You may have heard a lot in the press lately about financial advisers and whether they act as a fiduciary. So, what does it mean? Basically, it means your adviser is required to act in your best interest, and not their own. That’s it! Seems simple, right?
Not so. For starters, not all advisors are fiduciaries nor are they required to be a fiduciary. There are financial professionals who are only required to act under a suitability standard. This means, the adviser need only have adequate reason to believe a recommendation is suitable for their client. In this situation, it is possible a conflict of interest may exist. That is, when deciding between investment options, if one choice pays the adviser a better commission, the adviser may select that option believing it suitable for their client. It doesn’t mean that the adviser (or the investment) is necessarily bad, it just means a conflict exists. In dollars and cents, it means you as the client may end up paying more for your advice and investment.
Under a fiduciary standard, an adviser uses a well thought out and prudent process. Conflicts of interest must be disclosed. They will also discuss their choices with you in detail to be certain you understand the recommendation, the rationale behind it, and provide you ample opportunity to ask questions. This way there is no misunderstanding about the choices being made or the logic behind those choices. A fiduciary adviser looks beyond short-term commission and puts the client’s best interest first. Keep in mind that the Securities and Exchange Commission also regulates registered investment advisers that claim to be fiduciaries.

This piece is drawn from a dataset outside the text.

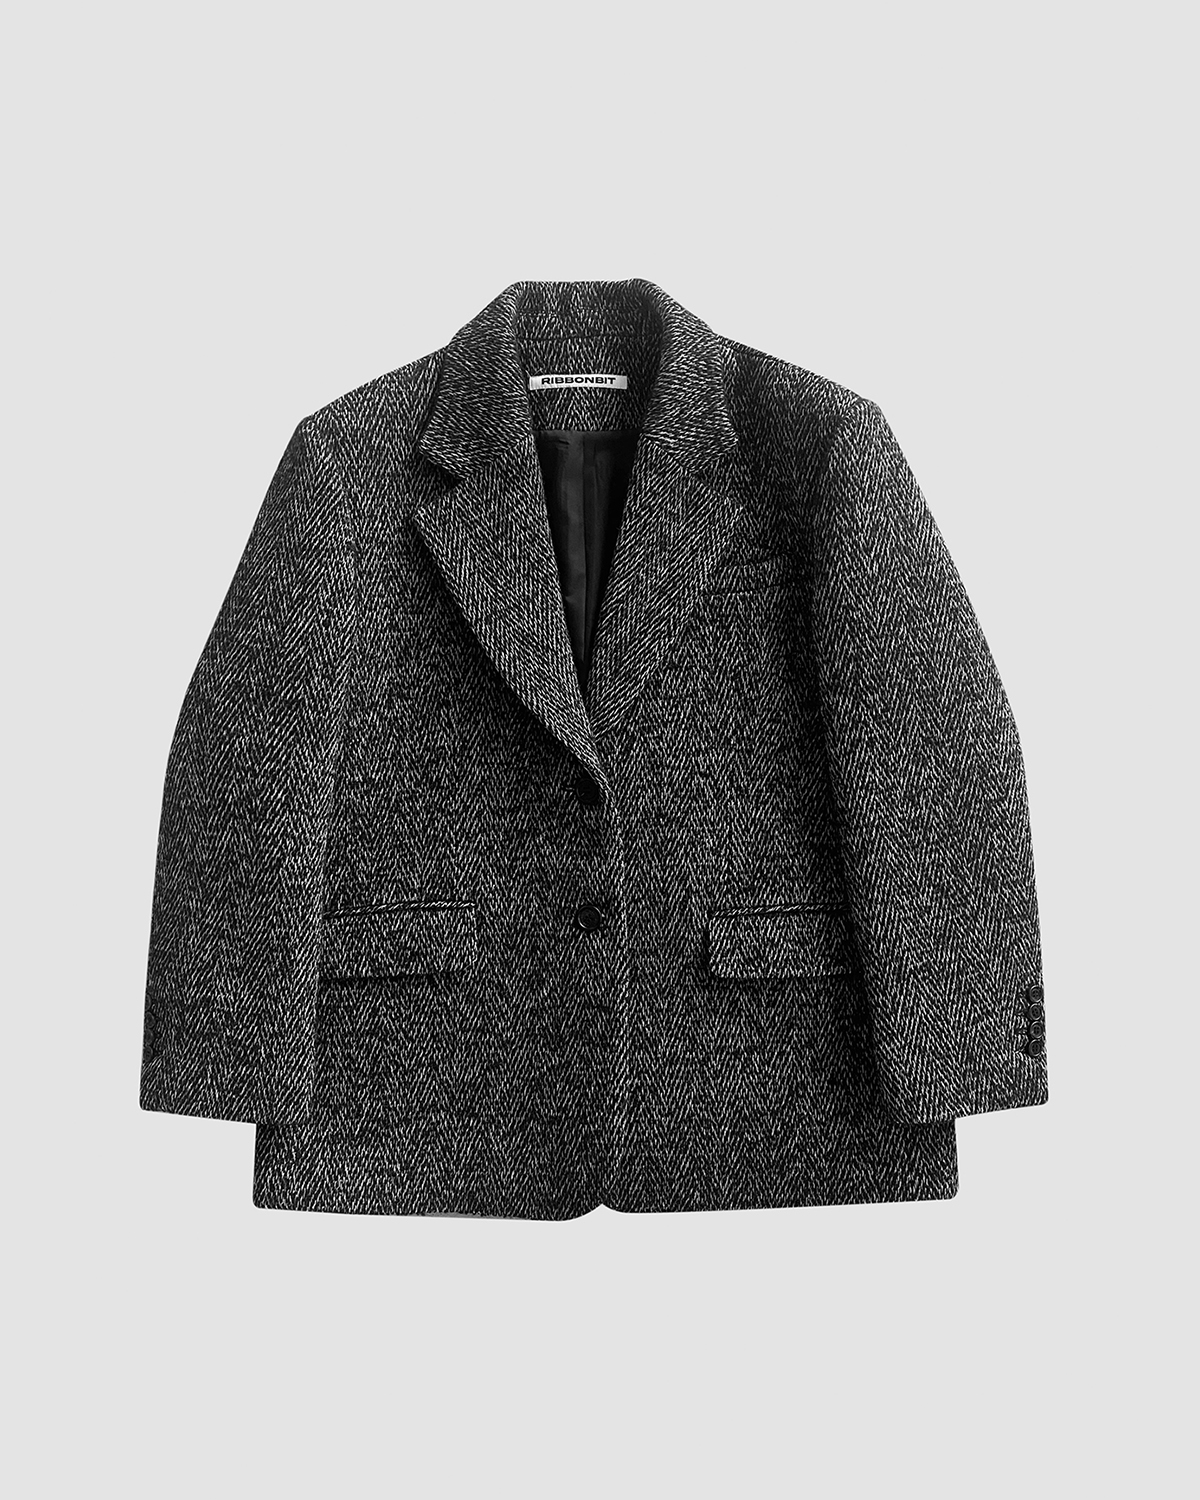 Calma Herringbone Wool Jacket

When seeking financial advice, do your homework and know that there are two types of advisers out there. Be direct and ask your adviser if he or she is a fiduciary. The answer should be a simple yes or no. If you do pick an adviser that is not a fiduciary, just understand upfront what the costs and conflicts may be. Again, it’s not a ‘bad guy’ vs. ‘good guy’ but knowing who and what you are paying for in advance. This will help avoid conflict, maybe save some money, and reduce stress from the beginning.